• What you will do:
Of the lines in the material below, print only those from the one containing "edit! @fiona.garden.85 @artaglasgow" to the one containing "#scottish #scottishwedding #scottishweddingphotographer", ends included, exactly as written and without pictures.

• Dataset entries:

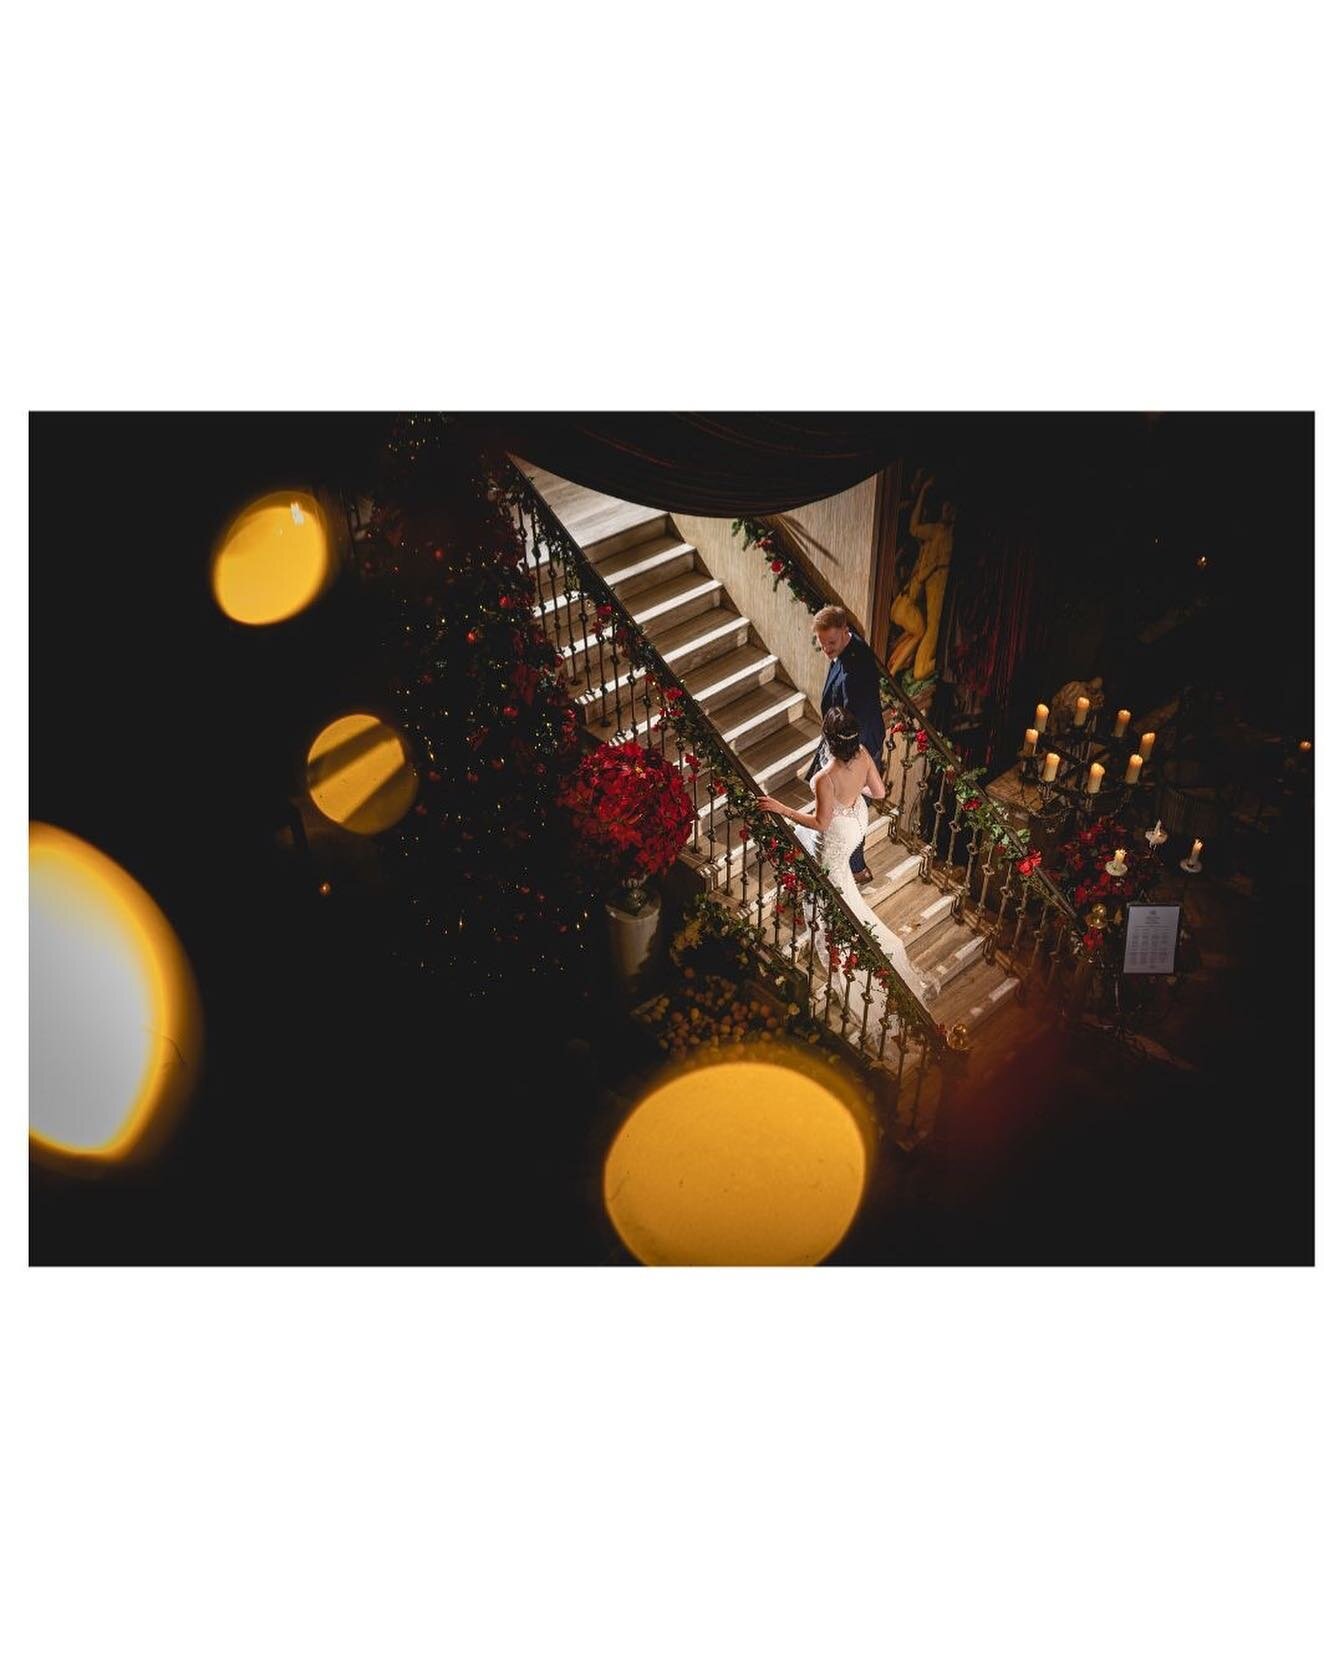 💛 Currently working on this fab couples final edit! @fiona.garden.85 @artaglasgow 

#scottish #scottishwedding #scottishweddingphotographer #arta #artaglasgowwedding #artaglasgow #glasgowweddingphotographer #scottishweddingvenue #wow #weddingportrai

* * *

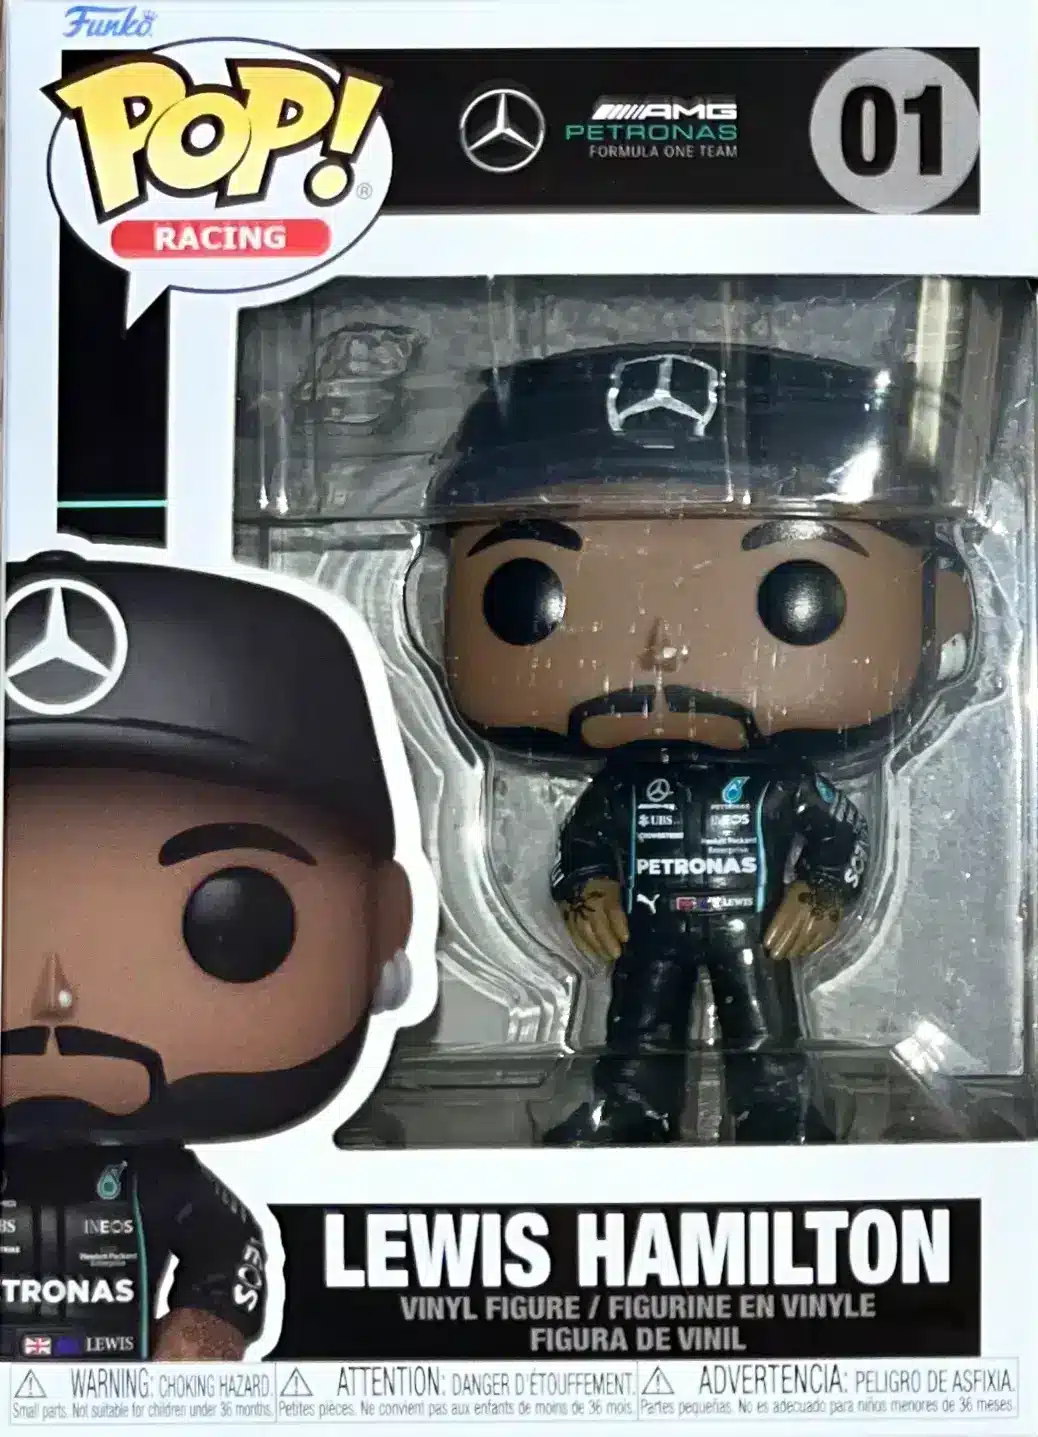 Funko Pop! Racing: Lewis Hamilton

...

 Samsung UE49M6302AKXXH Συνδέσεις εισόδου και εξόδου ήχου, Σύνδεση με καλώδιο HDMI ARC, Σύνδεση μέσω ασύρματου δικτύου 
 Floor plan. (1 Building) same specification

• Result:
 💛 Currently working on this fab couples final edit! @fiona.garden.85 @artaglasgow 

#scottish #scottishwedding #scottishweddingphotographer #arta #artaglasgowwedding #artaglasgow #glasgowweddingphotographer #scottishweddingvenue #wow #weddingportrai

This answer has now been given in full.